Manz F, Diekmann L, Kalhoff H, von Kries R, Raupp P, Stock G J, Tölle H G
Forschungsinstitut für Kinderernährung, Dortmund, FRG.
Child Nephrol Urol. 1991;11(4):193-5.
In 40 premature infants fed human milk with an actual gestational age of 261 +/- 16 days and an actual body weight of 1.06-2.75 kg, 44 urine samples were collected, and blood acid-base status was measured on day 32 (+/- 16) of life. In the urine, the following results (mean +/- SD) were obtained: urine pH 6.05 +/- 0.65, titratable acidity 0.24 +/- 0.14 mmol/kg/day, ammonium 0.78 +/- 0.25 mmol/kg/day, net acid excretion 0.83 +/- 0.47 mmol/kg/day. There was no significant correlation between renal net acid or ammonium excretion and actual body weight. However, urine pH was positively correlated with body weight. Obviously, premature infants with an actual body weight below 1.5 kg need a higher stimulation of renal hydrogen ion secretion to excrete the same amount of ammonium than those with an actual body weight of about 2.5 kg. The limited renal acidification capacity of very low birth weight infants is a risk factor for the development of late metabolic acidosis.
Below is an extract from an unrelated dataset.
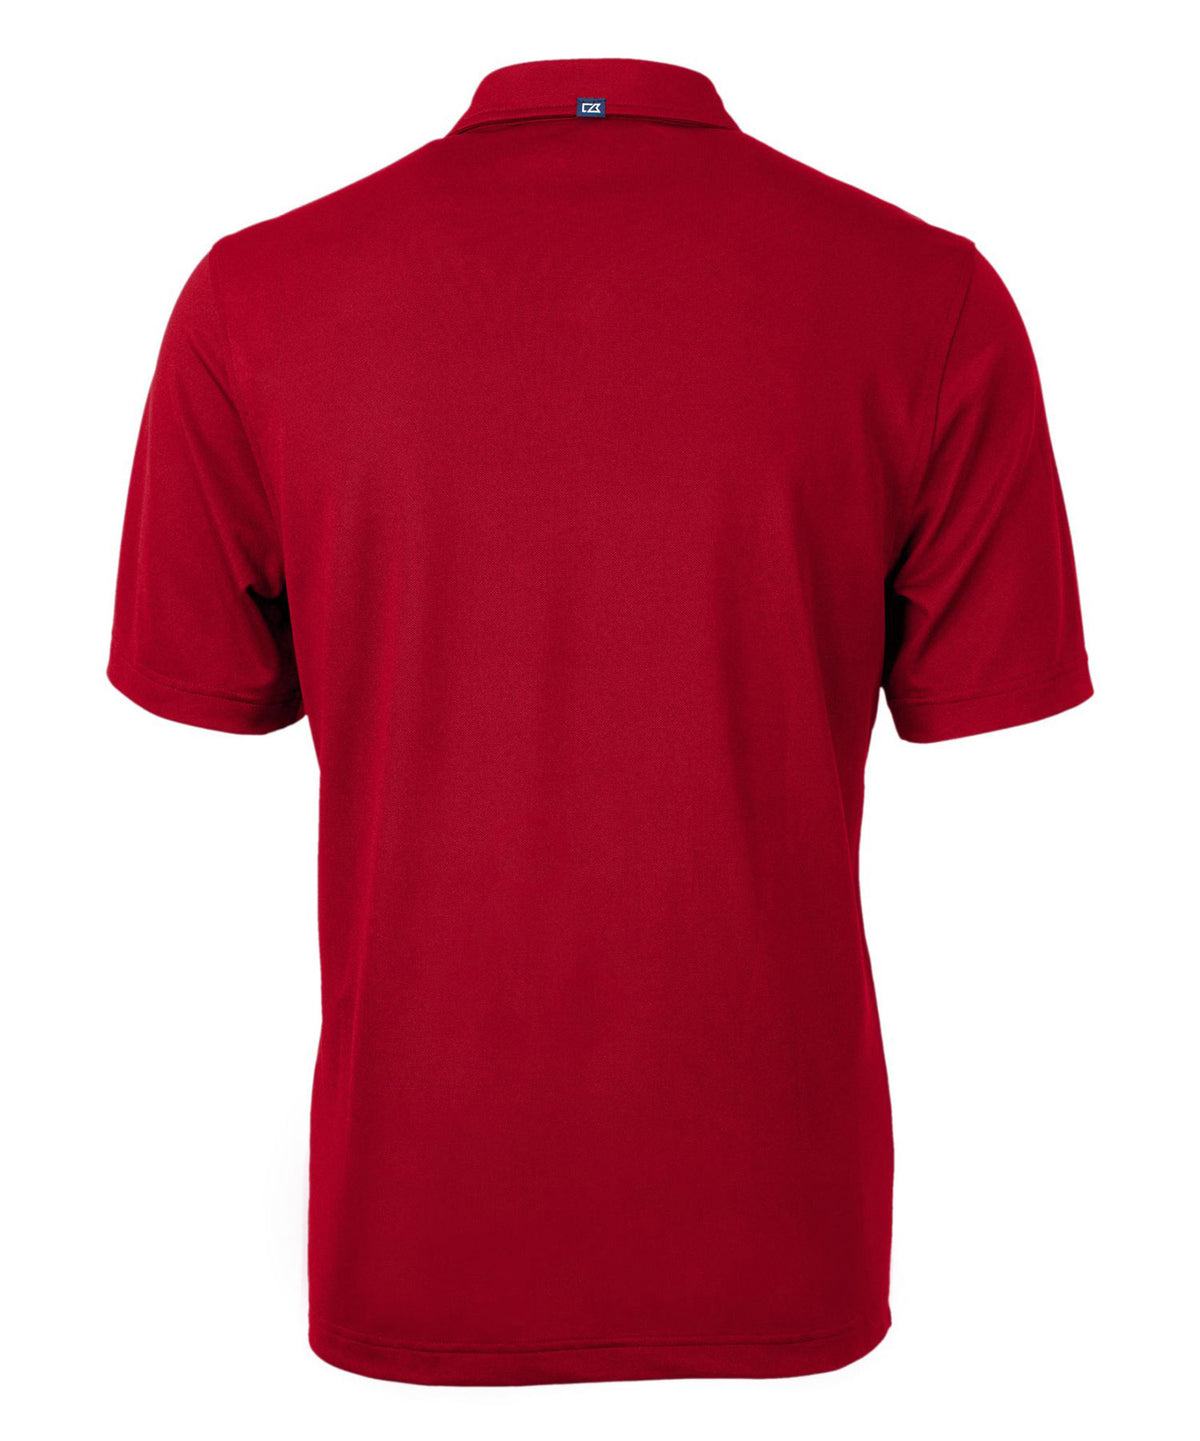 Cutter & Buck University of Nebraska Cornhuskers Short Sleeve Polo Knit Shirt, Men's Big & Tall

在40例实际胎龄为261±16天、实际体重为1.06 - 2.75千克的母乳喂养早产儿中,收集了44份尿液样本,并在出生后第32(±16)天测量了血液酸碱状态。在尿液中,获得了以下结果(平均值±标准差):尿液pH值6.05±0.65,可滴定酸度0.24±0.14毫摩尔/千克/天,铵0.78±0.25毫摩尔/千克/天,净酸排泄0.83±0.47毫摩尔/千克/天。肾脏净酸排泄或铵排泄与实际体重之间无显著相关性。然而,尿液pH值与体重呈正相关。显然,实际体重低于1.5千克的早产儿比实际体重约2.5千克的早产儿需要更高的肾脏氢离子分泌刺激来排泄相同量的铵。极低出生体重儿有限的肾脏酸化能力是晚期代谢性酸中毒发生的一个危险因素。